Старик, когда немного успокоился, говорит мне: ладно, дескать, но только ты, того, чтобы никому, ну, словом, чтобы я помалкивал. Перед сельчанами, значит. Дескать, и так достаточно принял позора да насмешек. Я обещал, а вернее: поклялся, звучно, с оттягом, прощёлкнув ногтем большого пальца правой руки по верхнему ряду своих зубов. Это понималось у нас так: могила, отвечаю головой, жизнью. И был верен клятве, за что – а более справедливо, наверное, будет сказать: не только за одно это – дед проникся ко мне таким чистым, пышным и трогательным уважением, какого я ни от кого больше не испытывал. Мы с ним стали настоящими, дорогими друзьями и навсегда. Странно, что смолчала тогда перед сельчанами и дедова бабка, хорошо знавшая все подробности этой любопытной и в чём-то поучительной истории. Как уж старику удалось уговорить её или, может, устращать, я не знаю.

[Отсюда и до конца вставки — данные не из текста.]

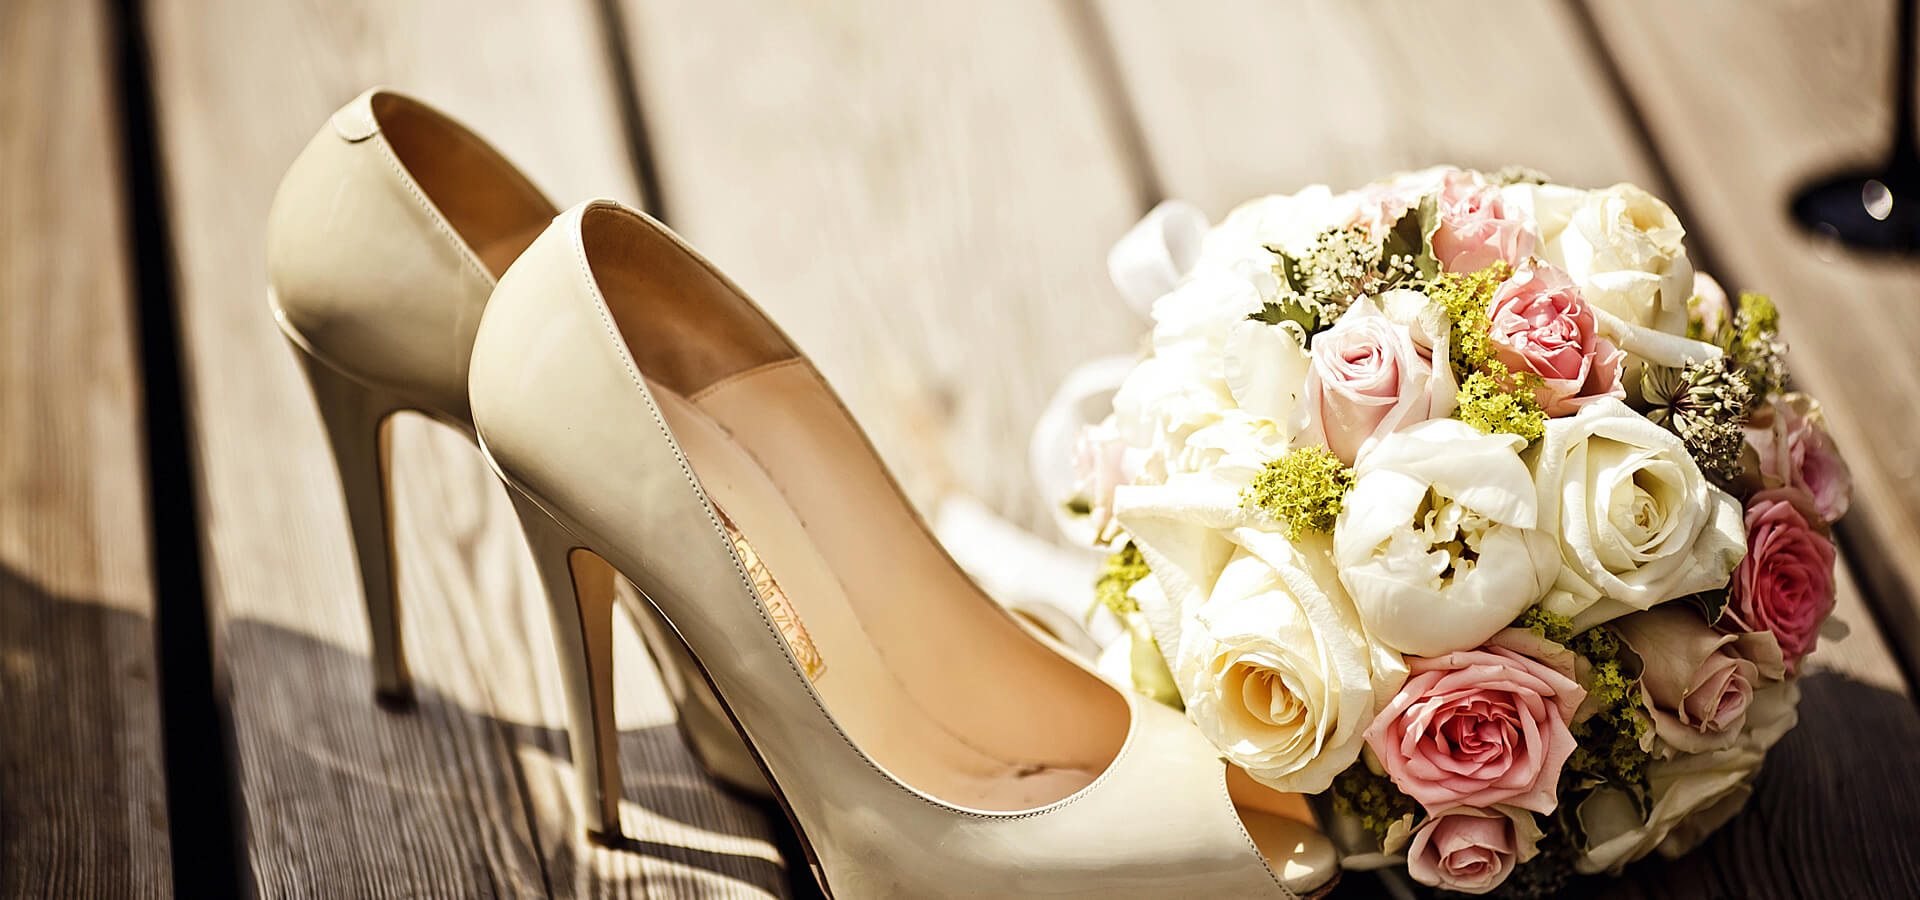 Свадьба в бежевом цвете – аристократичность и элегантность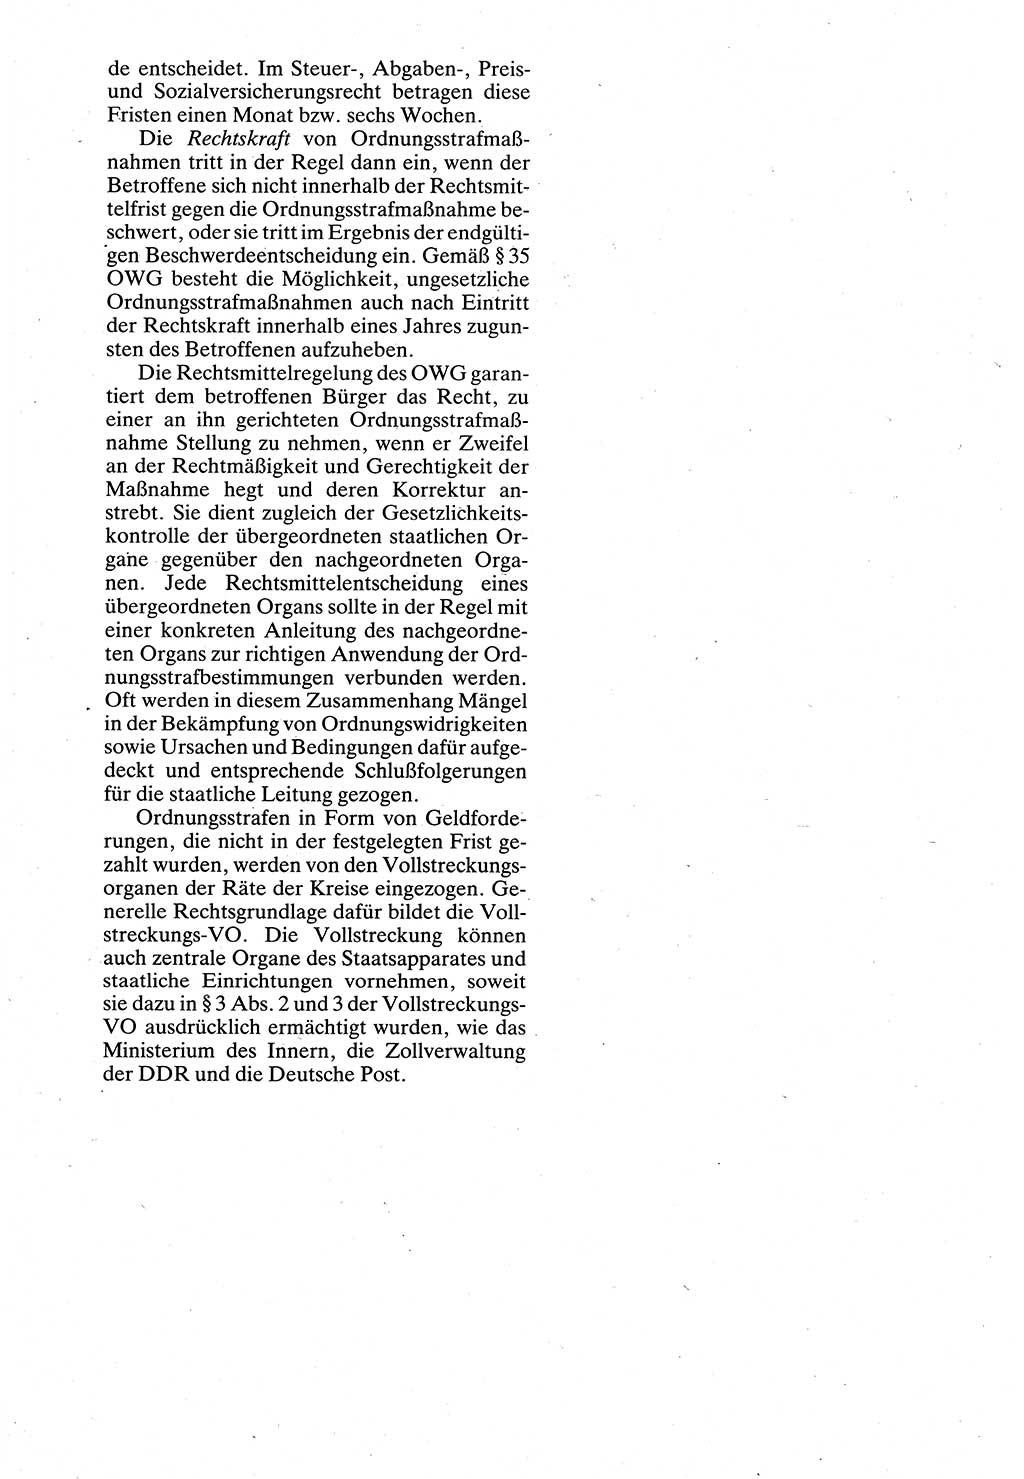 Verwaltungsrecht [Deutsche Demokratische Republik (DDR)], Lehrbuch 1988, Seite 168 (Verw.-R. DDR Lb. 1988, S. 168)

Позже, навсегда покинув деревню, меняя края и города, я часто рассказывал друзьям и знакомым про то, как лихо мне удалось обвести добрейшего соседского деда. Тут сразу возникал вопрос: ну а какой же свиной хвост надо было считать «правильным» или «настоящим»? Задавали его даже профессиональные животноводы. На удивление, познаний в этом ни у кого не оказывалось. Я это опять использовал в своём интересе. Надо, мол, смотреть каждую особь, индивидуально, и когда будете у кого на подворье или где-то на ферме, интересуйтесь… Кое-кто из особенно любопытных на эту наживку попадался, ходил, спрашивал. Кончалось всё довольно весело и забавно.

До меня доходили слухи, что, докапываясь до сути, где-то даже заключали пари: плоский – не плоский.

Из энциклопедии грибной поры

I. БАБУШКИНА ПОЛЯНА

У каждой грибной поры свои особенности. Бывают такие сезоны, когда съедобные грибы практически не появляются. Нет их и всё. Бывает наоборот – изобилие по всему возможному для местности ассортименту. Мне по душе среднее, когда грибов много, но появляться перед желающими их припасти они особо не спешат. Нередко остаются вообще необнаруженными. Поиск богатства в этом случае по-настоящему увлекателен, радостен, и если ты, как говорится, на коне, знаешь некоторые секреты, твоим удачам не будет конца. И соответственно с каждым приближением к лесу или к посадкам твоя душа уже заранее преисполнена уверенности, что без желанных деликатесных приобретений ты домой ни в коем случае не воротишься, а, значит, сам ты везуч как бесстрастный земной шар и счастлив как рассеянный Гименей.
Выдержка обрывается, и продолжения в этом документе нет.